The article was actually in a recent edition of the News of the World. It falls under the Capital Gains Tax rules and is really aimed at those cottage industry types and power sellers that are not VAT registered, but, setting the threshold so low is going to impact a lot of people. The same article does also say that they don't see how they are effectively going to police this due to all the public sector lay-offs, but, they will be using Ebay's own records to sniff out the most prolific offenders.


----------



## Maidel (Jun 28, 2009)

Ah, that bastion of journalistic credibility that is 'the news of the world'

Obviously it's been a slow week fir premiership footballers boning each others wives.


----------



## Cypher871 (Aug 2, 2009)

Maidel said:


> Ah, that bastion of journalistic credibility that is 'the news of the world'
> 
> Obviously it's been a slow week fir premiership footballers boning each others wives.


Heh heh, I never said it was from an intellectual source.  I happened to be in the Parts department of one of the Jaguar dealerships I look after and they were talking about it as they have a legit Ebay business account for selling old stock.


----------



## Aramoro (Oct 7, 2009)

For anyone who is interested HRMC have made a handy list of examples of when you need to inform them, register for VAT or pay capital gains tax,

http://www.hmrc.gov.uk/guidance/selling/examples.htm

And the less friendly but informative. 

http://www.hmrc.gov.uk/guidance/selling/income.htm

These have always been the rules, they're just enforcing them now.


----------



## Maidel (Jun 28, 2009)

Cypher871 said:


> Heh heh, I never said it was from an intellectual source.  I happened to be in the Parts department of one of the Jaguar dealerships I look after and they were talking about it as they have a legit Ebay business account for selling old stock.

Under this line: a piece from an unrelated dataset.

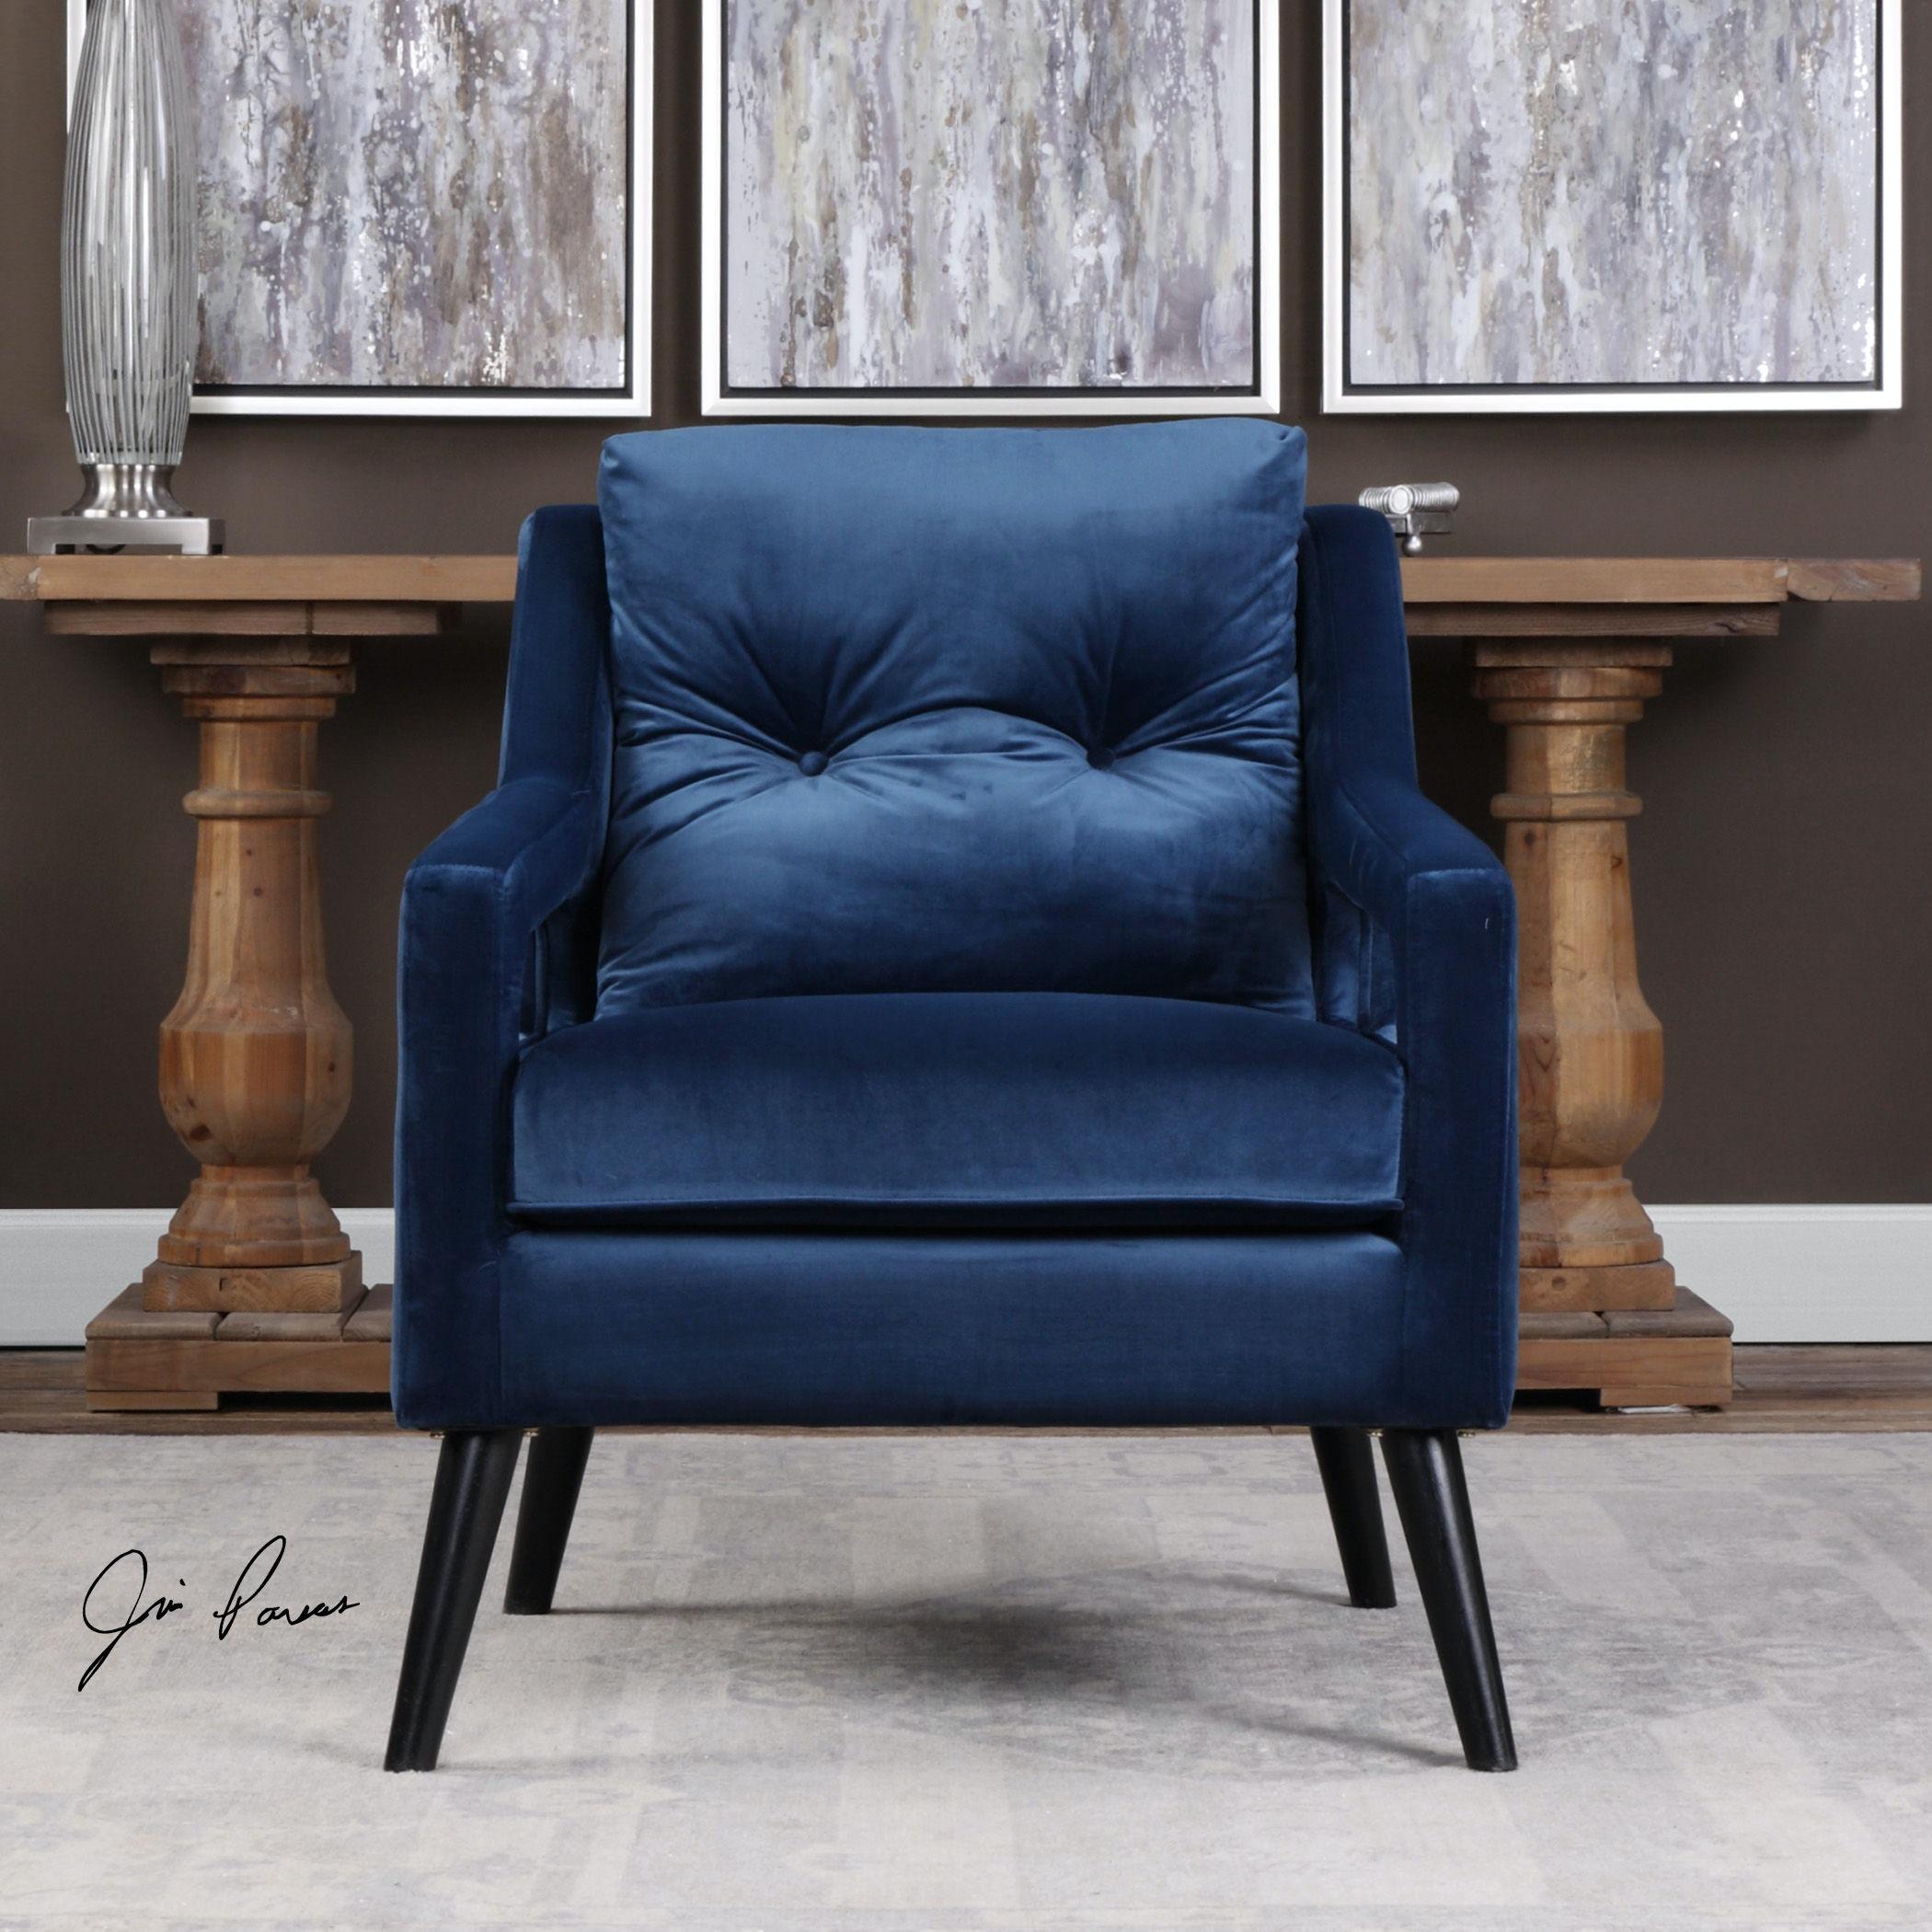 Uttermost Ou0027Brien Blue Velvet Armchair 23318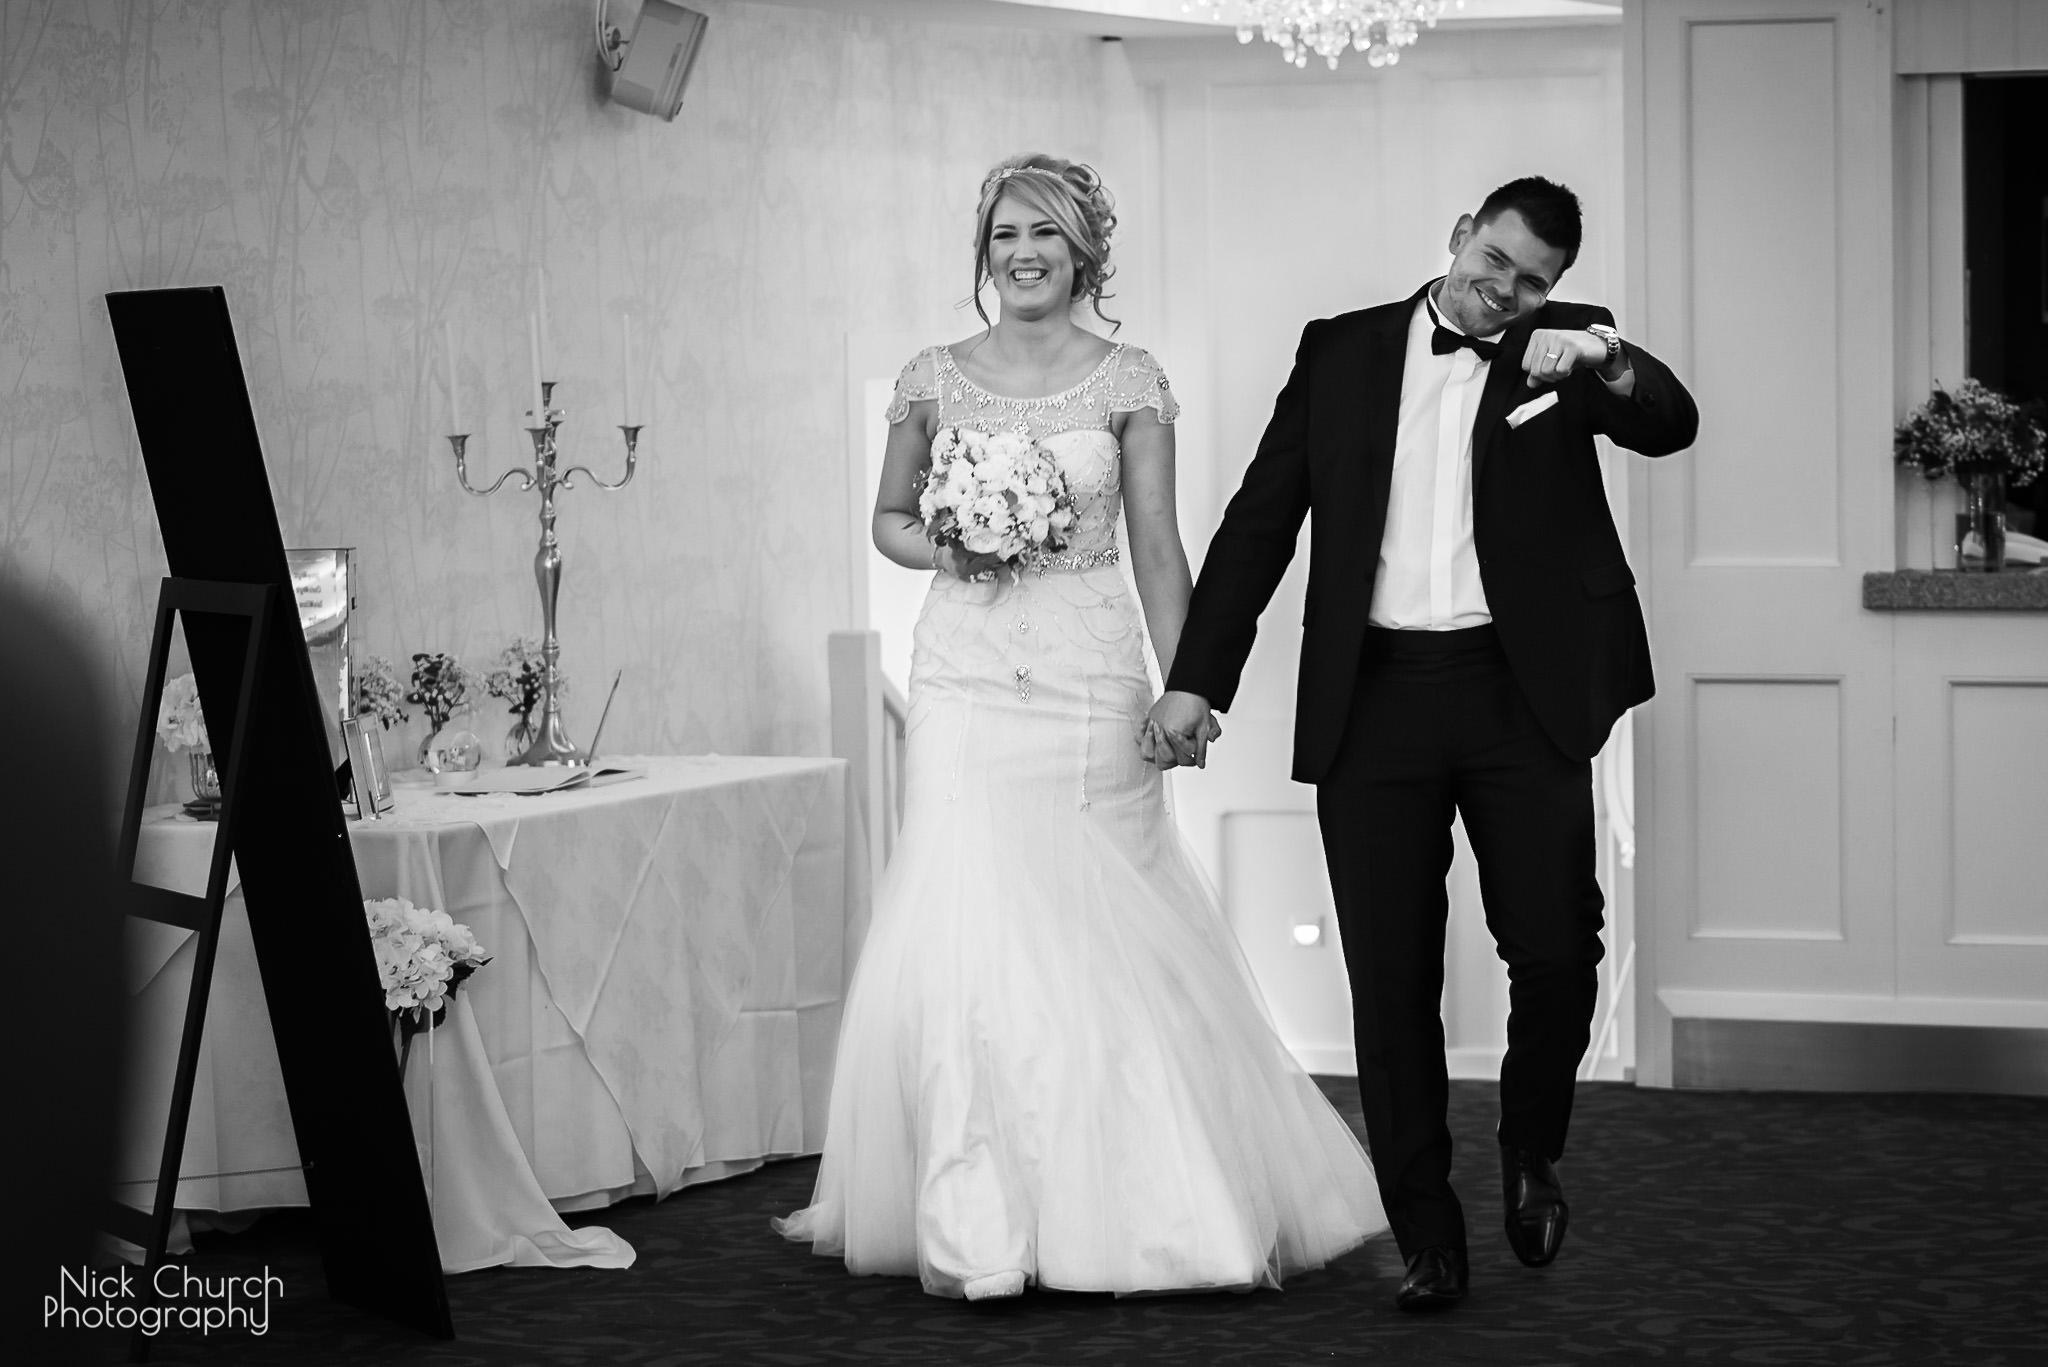 NC-20180317-stacy-and-mike-wedding-1624.jpg

I'm just wondering whoes phone they tapped to get this nugget.


----------



## Overbear (May 10, 2011)

Don't see the problem, its easy to get around. Just set up a offshore bank, and have the funds go directly into that. No paper trail, no proof, no money for anyone to see.


----------



## Maidel (Jun 28, 2009)

Overbear said:


> Don't see the problem, its easy to get around. Just set up a offshore bank, and have the funds go directly into that. No paper trail, no proof, no money for anyone to see.


Oh right - and when they ask ebay for your accounts and see that you sold £20,000 worth of stuff - it doesnt matter where that account is - that was still your income.


----------



## Overbear (May 10, 2011)

Maidel said:


> Oh right - and when they ask ebay for your accounts and see that you sold £20,000 worth of stuff - it doesnt matter where that account is - that was still your income.


Not if that account also links to offshore. Then all you were was a "shipper" you never made a dime. You create a dummy company as a LLC, offshore, base the bank in the same place, then put yourself as CEO, and pay yourself some pittance out of the funds (say, $500 a year) plus "expenses" 

How do you think the rich get rich and stay that way? A hint, its by exploiting every loophole in the system.


----------



## Hammer49 (Feb 12, 2011)

Overbear this wouldnt work in the UK. As soon as you bring the income into the the UK you will be liable to pay tax on the income. 
You will never be able to use the money in the UK without paying tax on it (after allowances etc).


----------



## Maidel (Jun 28, 2009)

Hammer49 said:


> Overbear this wouldnt work in the UK. As soon as you bring the income into the the UK you will be liable to pay tax on the income.
> You will never be able to use the money in the UK without paying tax on it (after allowances etc).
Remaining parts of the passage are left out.